In this embodiment, the neutron transmitter assembly 1 includes a transmitter main board 24 and a neutron source module 25, and the first main board 17 and the neutron source module 25 are respectively connected to the transmitter main board 24; the first main board 17 is connected to the transmitter main board 24 through a tow chain, which facilitates high-speed data transmission, and meanwhile, the transmitter main board 24 controls the working state of the neutron source module 25, and the first main board 17 can also control the working state of the neutron source module 25 through the first wireless transceiver module 19 via the transmitter main board 24 and obtain corresponding information.

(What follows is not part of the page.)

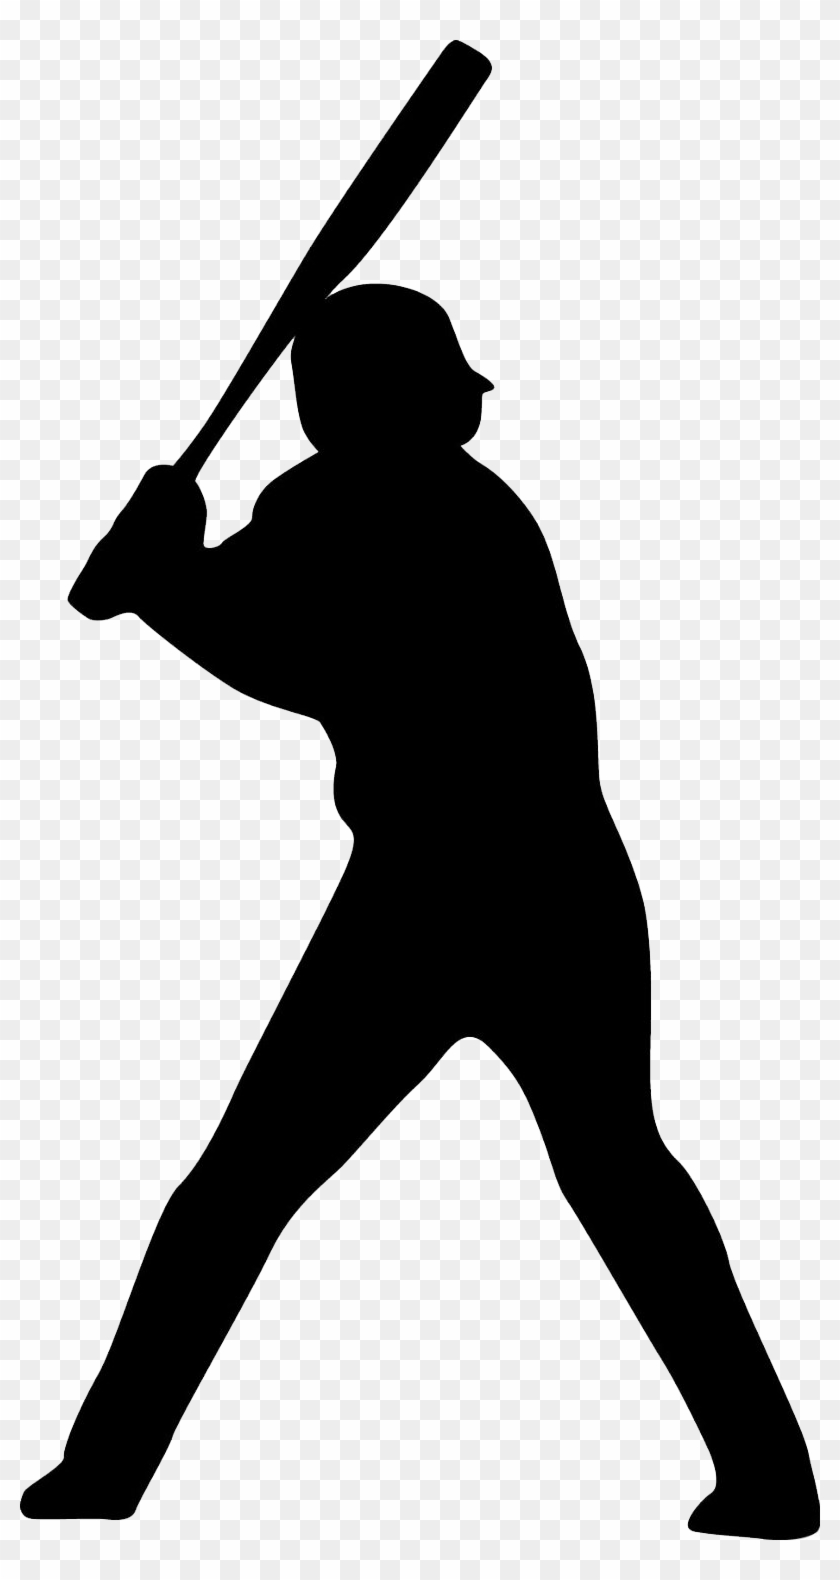 Baseball Player Icon - Baseball Player Silhouette Clipart #50030

Particularly, in this embodiment, the second driving device 4 is specifically composed of a second guide rail 11, a second support frame 12 horizontally slidably mounted on the second guide rail 11, a second horizontal driving assembly 13 for driving the second support frame 12 to horizontally reciprocate on the second guide rail 11, a second vertical driving assembly 14 for driving the neutron receiver assembly 2 vertically slidably mounted on the second support frame 12 to vertically reciprocate, and a receiving host 15 installed in the second support frame 12 and connected to the neutron receiver assembly 2, the second horizontal driving assembly 13, and the second vertical driving assembly 14, respectively, where the receiving host 15 is connected to the main control device 5, the receiving host 15 includes a second lithium battery power supply 20, a second main board 21 (same as the first main board 17), a second motor driving module 22, and a second wireless transceiving module 23, and the neutron receiver assembly 2, the second motor driving module 22, The second wireless transceiver module 23 and the second lithium battery power supply 20 are respectively connected with the second main board 21, the second main board 21 is connected with the main control device 5 through the second wireless transceiver module 23, the neutron receiver assembly 2 comprises a receiver main board 26 and a thermal neutron detection module 27, and the second main board 21 and the thermal neutron detection module 27 are respectively connected with the receiver main board 26.

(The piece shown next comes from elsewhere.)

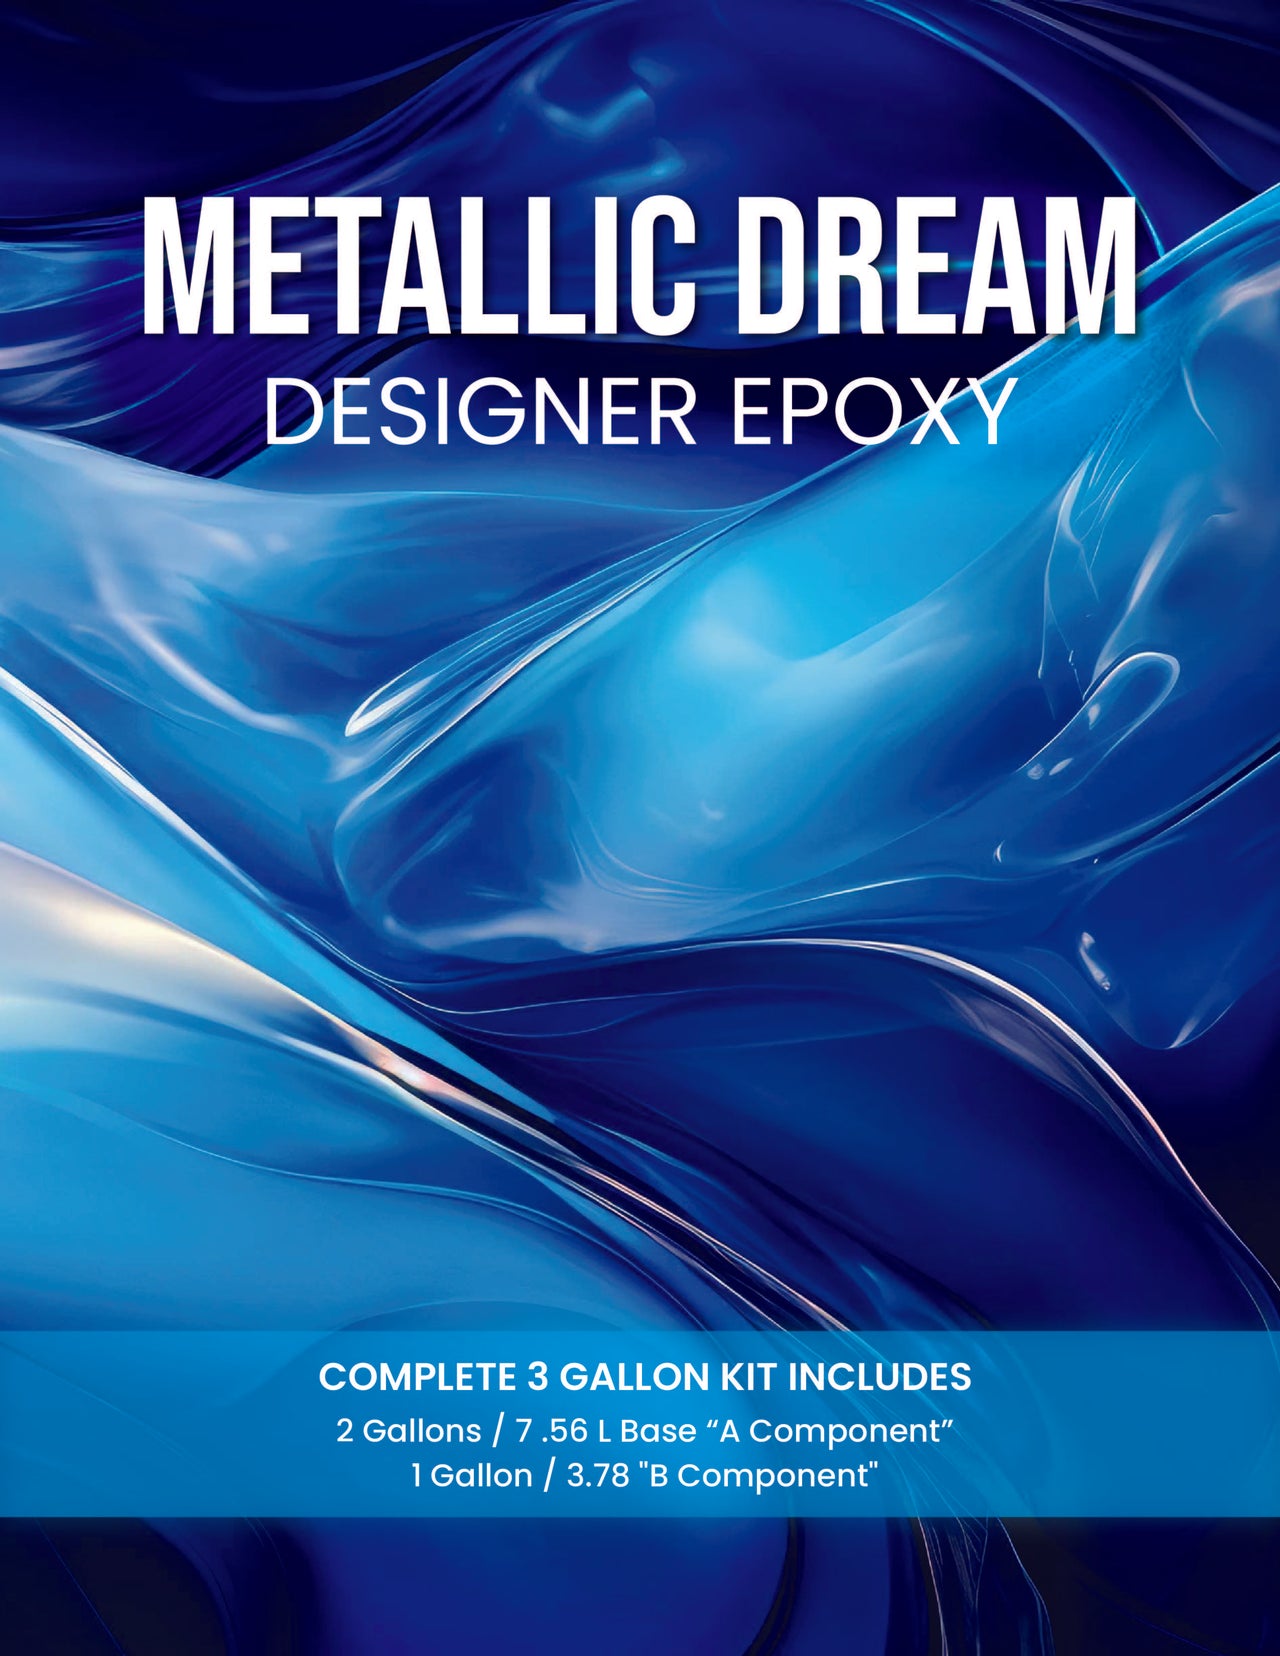 Metallic Dream Epoxy - Complete 3 Gallon Kit

The first driving device 3 and the second driving device 4 have substantially the same structure and operation principle, and only differ in that one is for controlling the movement of the neutron source module 25, and the other is for controlling the movement of the neutron detection module 27, that is, one side emits neutrons, and the other side receives thermal neutrons, and the main control device 5 performs data transceiving, so the functions of the components of the second driving device 4, the receiver host 15, and the neutron receiver assembly 2 are not described herein.

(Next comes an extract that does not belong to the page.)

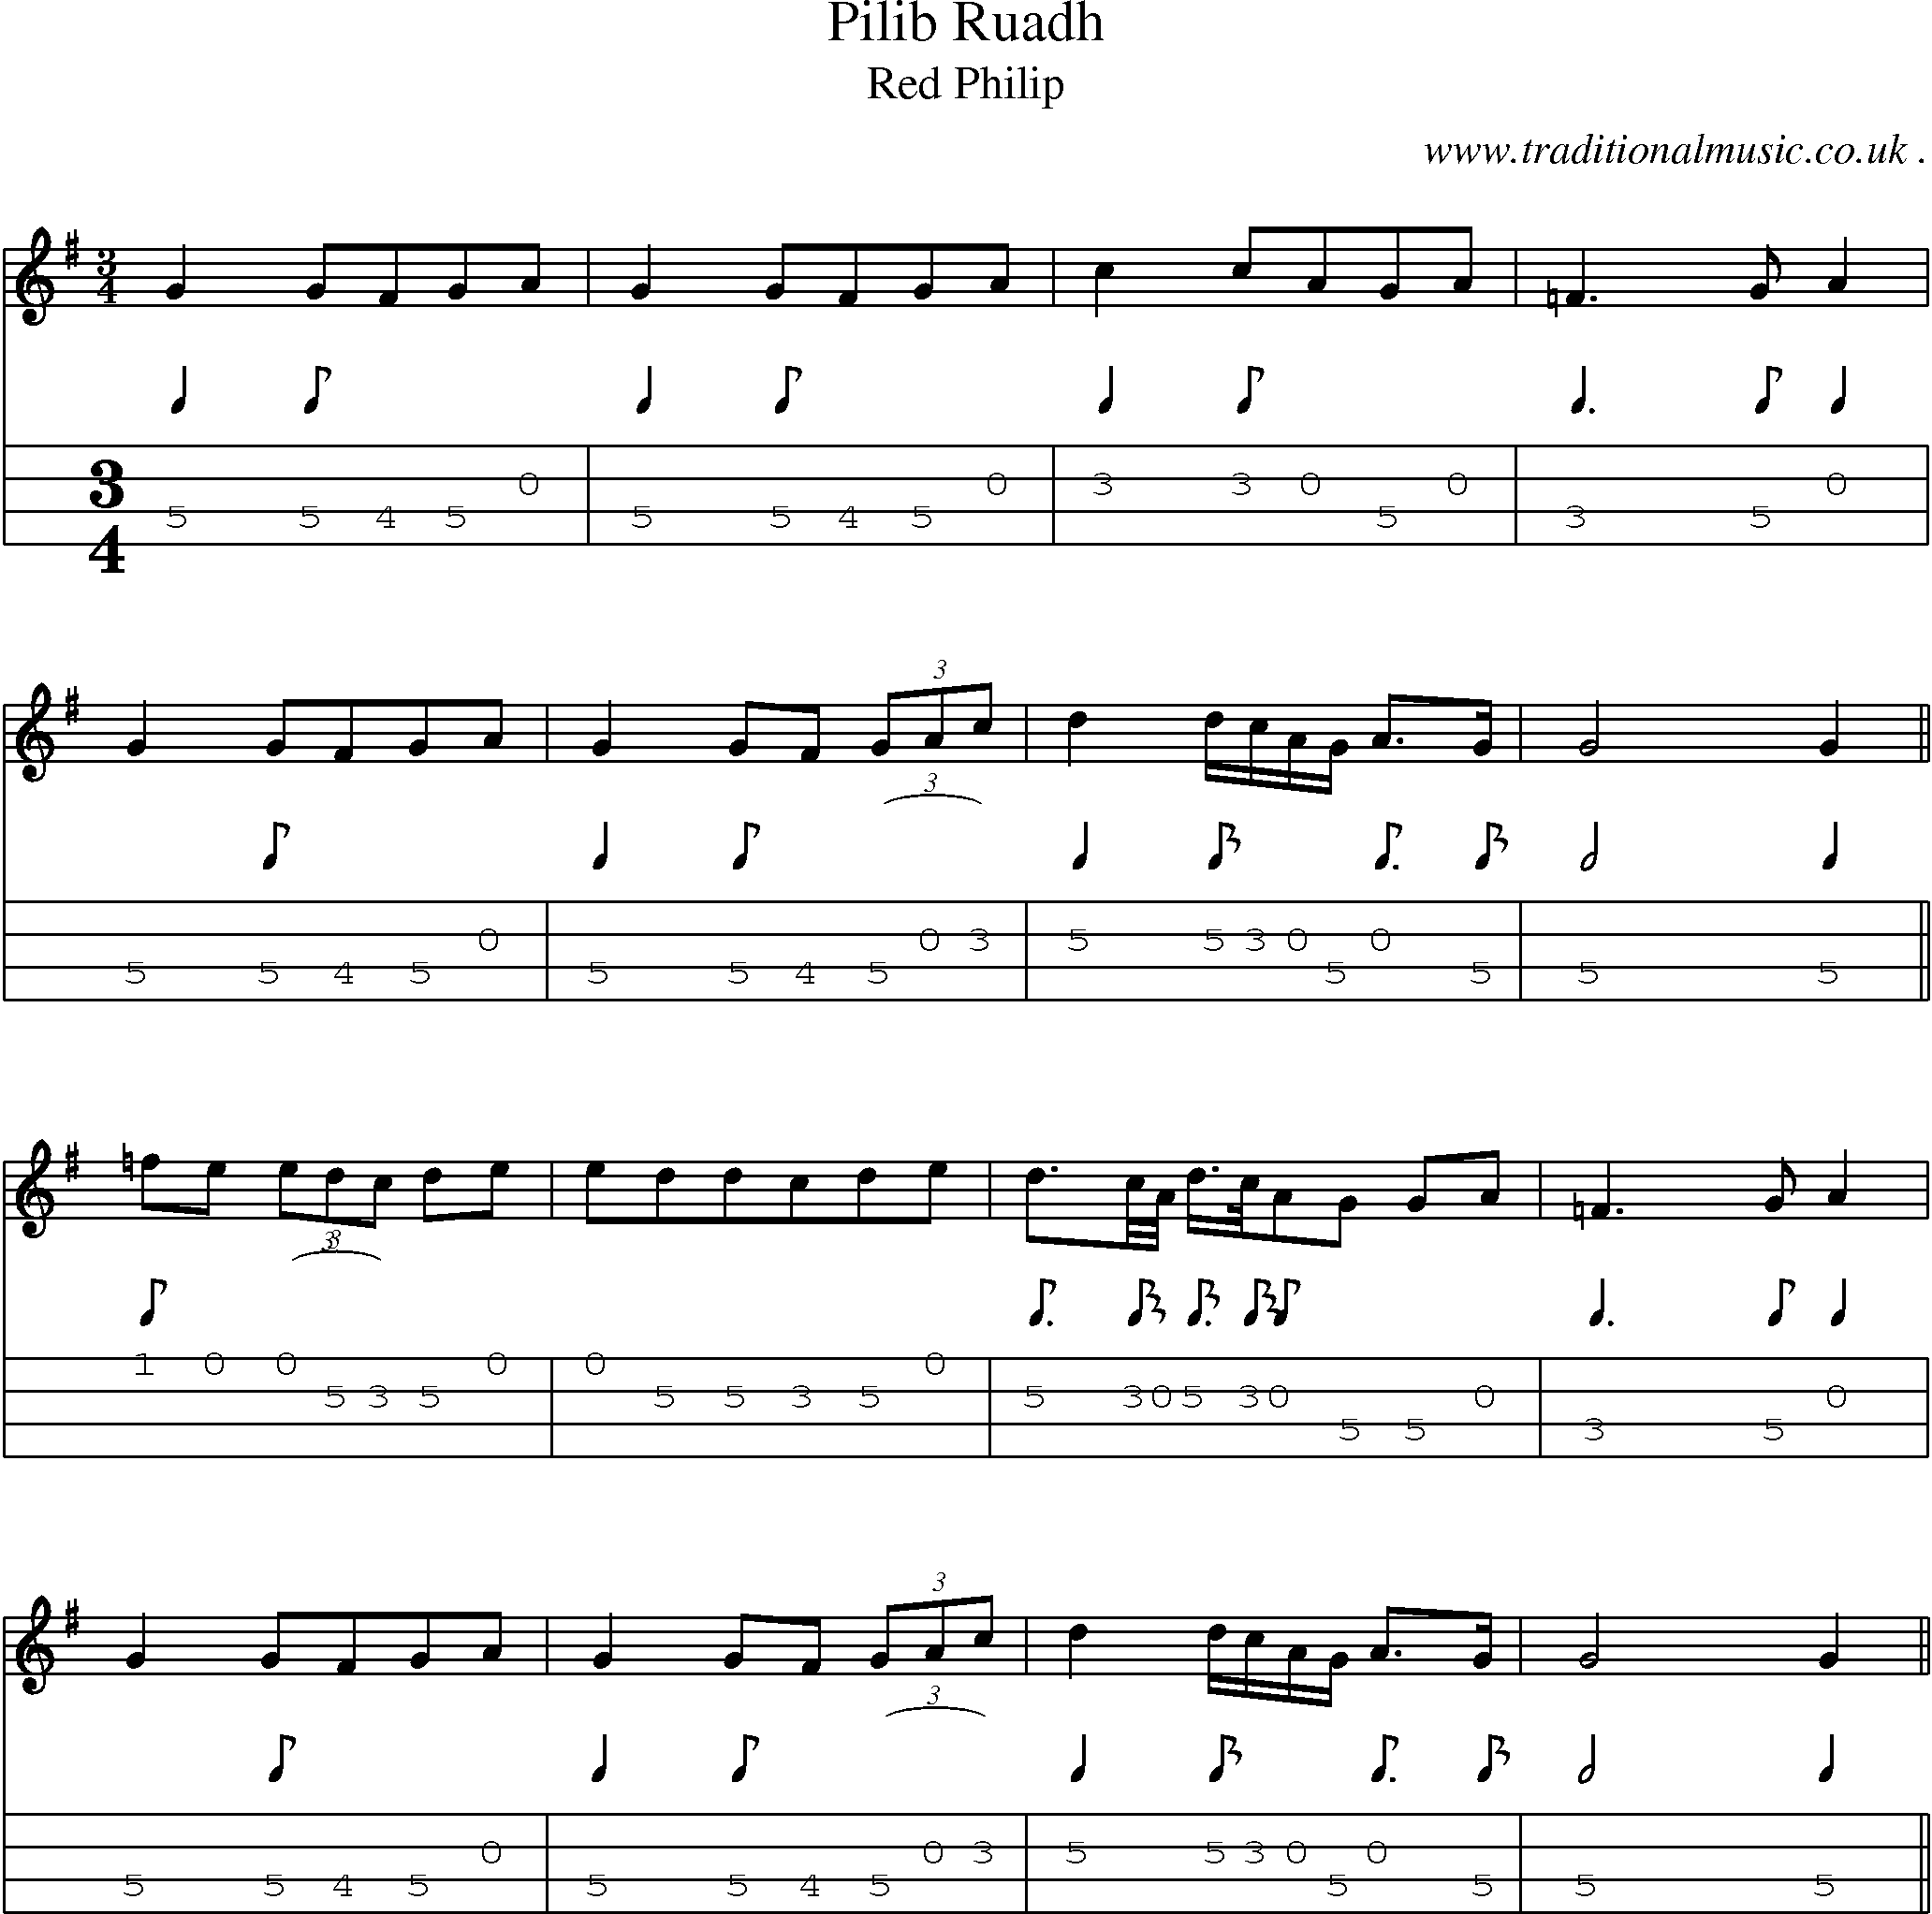 Sheet-Music and Mandolin Tabs for Pilib Ruadh

In order to facilitate the overall operation of the control device, in this embodiment, the main control device 5 includes a third main board 28, a display 29, a third wireless transceiver module 30, and a third lithium battery power source 31; the display 29 may be a touch display, which facilitates control and parameter adjustment of the device, and the third main board 28 controls the whole operation of the device, and performs operation and control of the remote device and data acquisition through the third wireless transceiver module 30, the first wireless transceiver module 19 and the second wireless transceiver module 23.

Particularly, in the embodiment, the driving assemblies all comprise stepping motors, and other structures only need to drive corresponding devices to perform corresponding motions; meanwhile, in order to adjust the distance between the neutron transmitter assembly 1 and the neutron receiver assembly 2 and the measured wall conveniently, a vertical driving assembly capable of driving the neutron transmitter assembly 1 or the neutron receiver assembly 2 to reciprocate horizontally and perpendicularly to the direction of the measured wall can be additionally arranged between the neutron transmitter assembly 1 or the neutron receiver assembly 2 and the corresponding vertical driving assembly, for example, the vertical driving assembly is composed of an electric telescopic rod and the like, the neutron transmitter assembly 1 or the neutron receiver assembly 2 is fixed at the outer end of the corresponding electric telescopic rod, the distance between the corresponding wall and the measured wall can be effectively controlled according to the telescopic distance, other structures can be set, the same purpose can be achieved only by the arrangement, and similarly, all the driving assemblies can be synchronous belt sliding tables and are controlled by corresponding control equipment, so that the control precision of the equipment can be improved conveniently.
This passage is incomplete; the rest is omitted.